This is why 95% of Ai projects fail
Research by iKN Italy and Casaleggio Associati explains the real cost of artificial intelligence for companies
After the initial enthusiasm for the arrival of artificial intelligence, it is now time for companies to take stock: what works, what is the real impact of this technology and, above all, how much does it cost. To answer these questions, a study by iKN Italy in collaboration with Casaleggio Associati analysed the hidden costs and the real return on investment of Ai tools for Italia's business fabric.

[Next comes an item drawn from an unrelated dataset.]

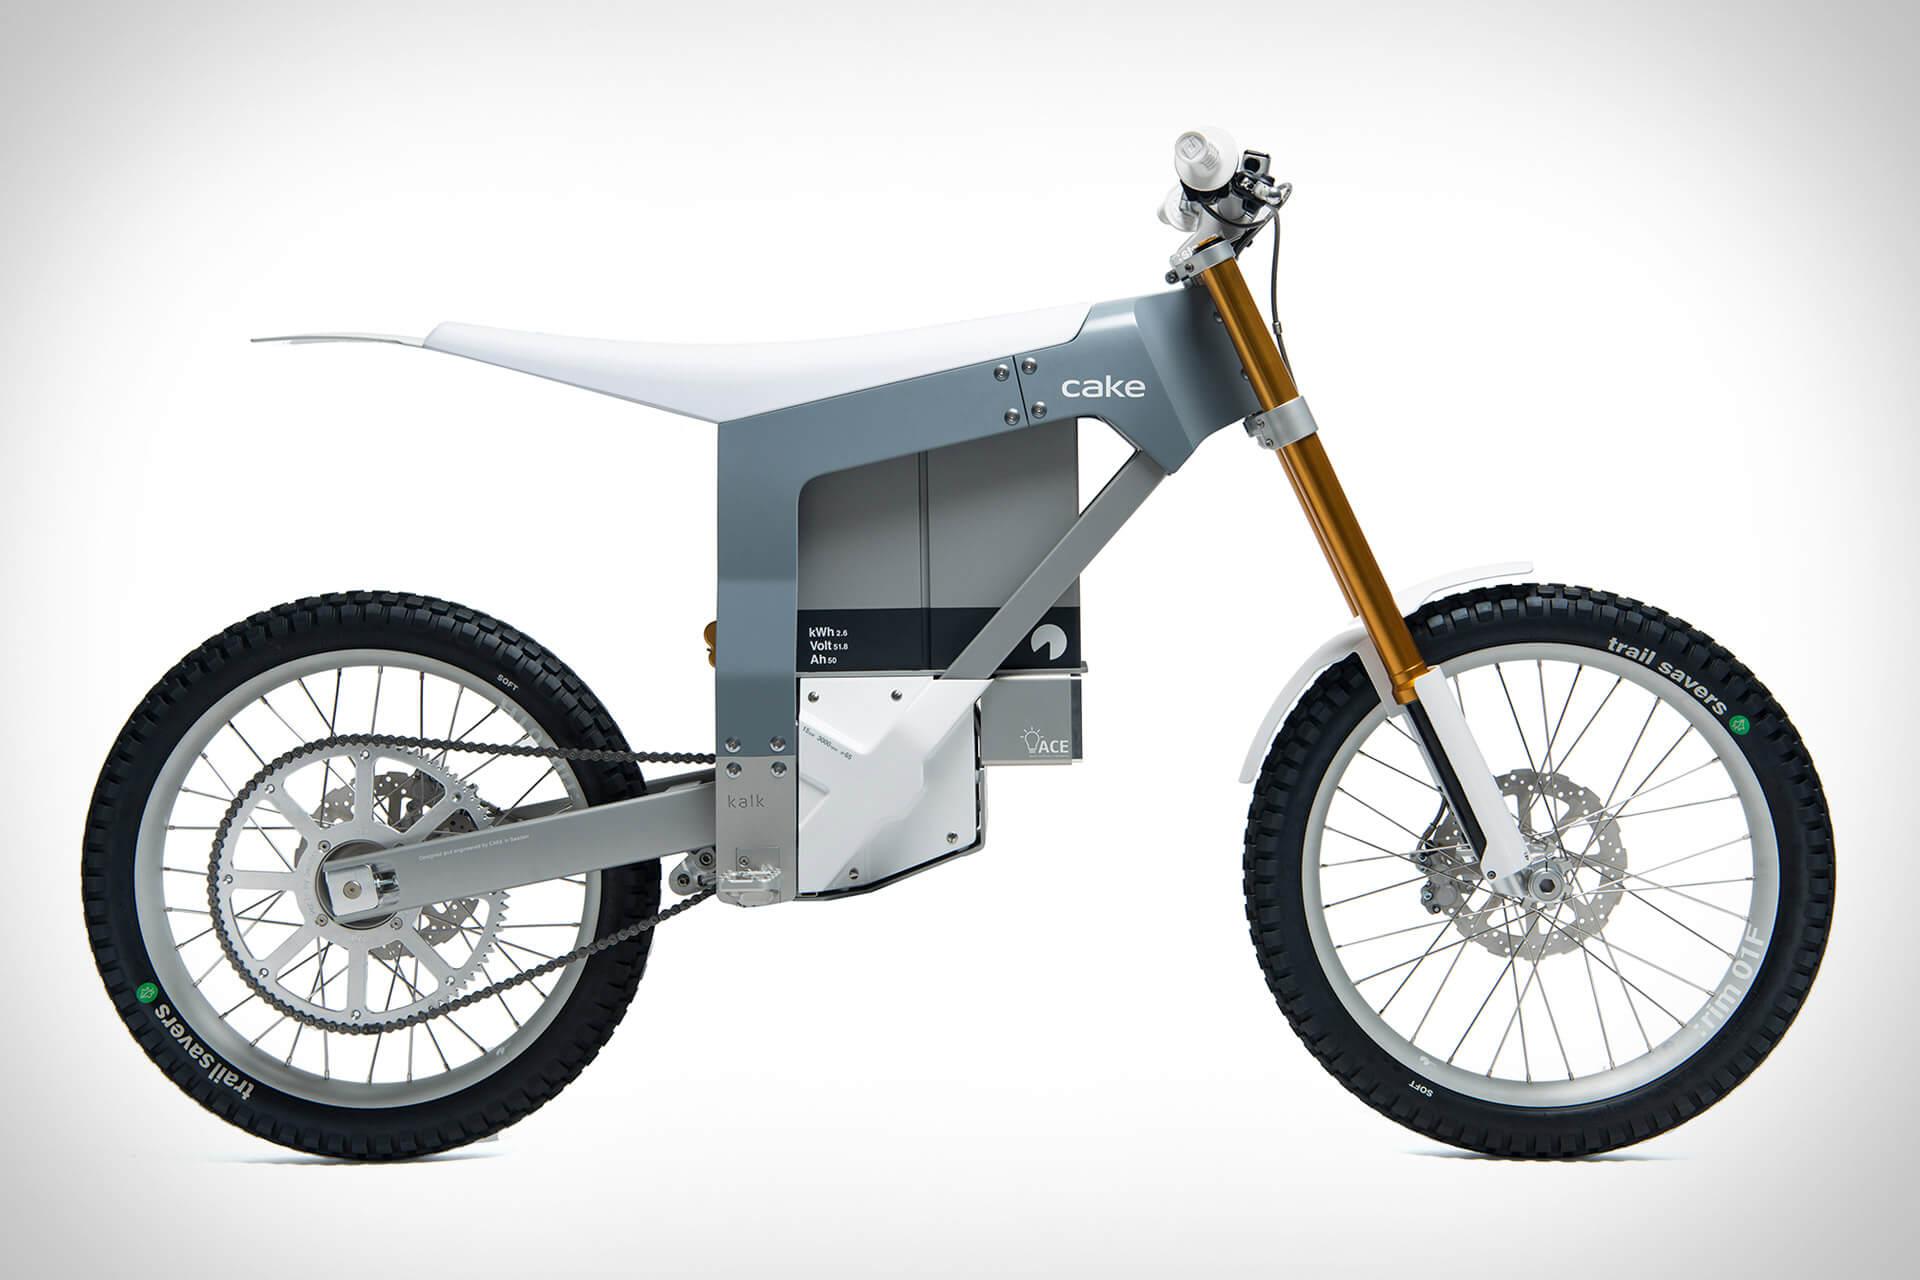 Cake Kalk Electric Motorcycles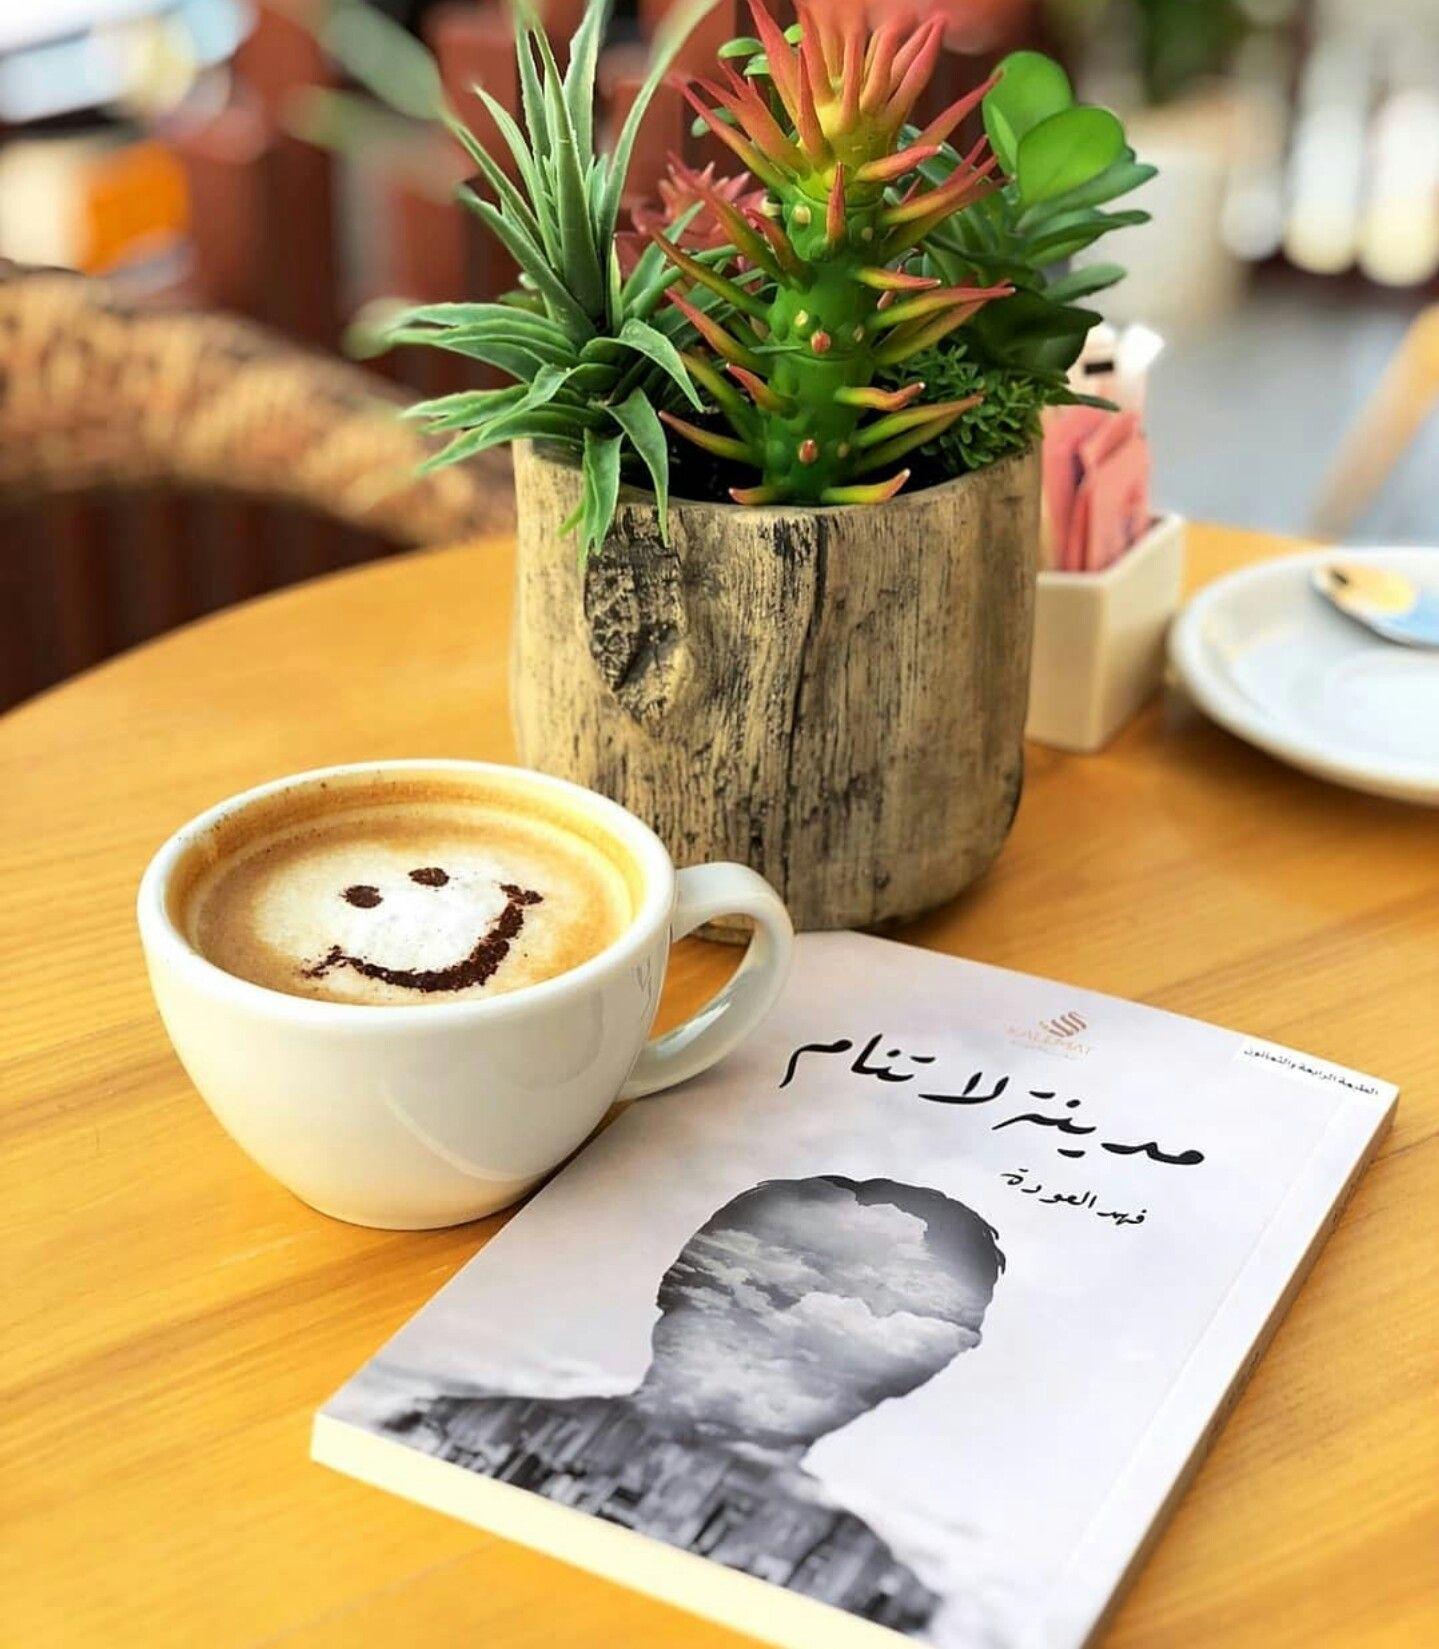 هم لا يأتون حتى ولو سمعوا بكاء الحروف وارتعاش الورق هم لو كانوا يريدون البقاء لم يرحلوا منذ البداية ما أقسى أولئك الذين يضعون Arabic Books My Books Book Lovers

Companies do not know how much Ai really costs
The starting data are not encouraging: around 60% of companies report marginal or below-expected benefits, and 95% of Ai projects do not make it past the pilot phase. Furthermore, less than half of the companies have a complete picture of the costs and profitability of their trials. This is because companies are often unaware of the real cost of these projects: they tend to focus only on the most visible and easily controllable items of expenditure, but underestimate certain variables that are crucial for the programmes to survive and generate a real impact in the long term.
The Value of Time
"We have found that many realities still consider artificial intelligence as a product to be purchased and not as a transformation involving the entire organisational structure," explains Laura Ghisleri, Content&Networking Director at iKN. On the contrary, to really exploit the potential of this technology "the governance of processes must be created for the application of artificial intelligence".
One of the aspects the study focuses on is the value of time when it comes to Ai. "Delay is not neutral, it is a tax on future value," reads the research, which highlights the advantage of getting Ai solutions up and running faster than others. Those who start earlier accumulate data, skills, processes and trust that create a delay that is difficult to recover.
Therefore, companies must strike a balance between haste, which can produce fatal errors for business, and delay, which is equally damaging. "First of all, it has emerged that decision-makers must be competent in the field," says Ghisleri, "and furthermore, KPIs must be clearly defined to monitor the actual return on investment in artificial intelligence.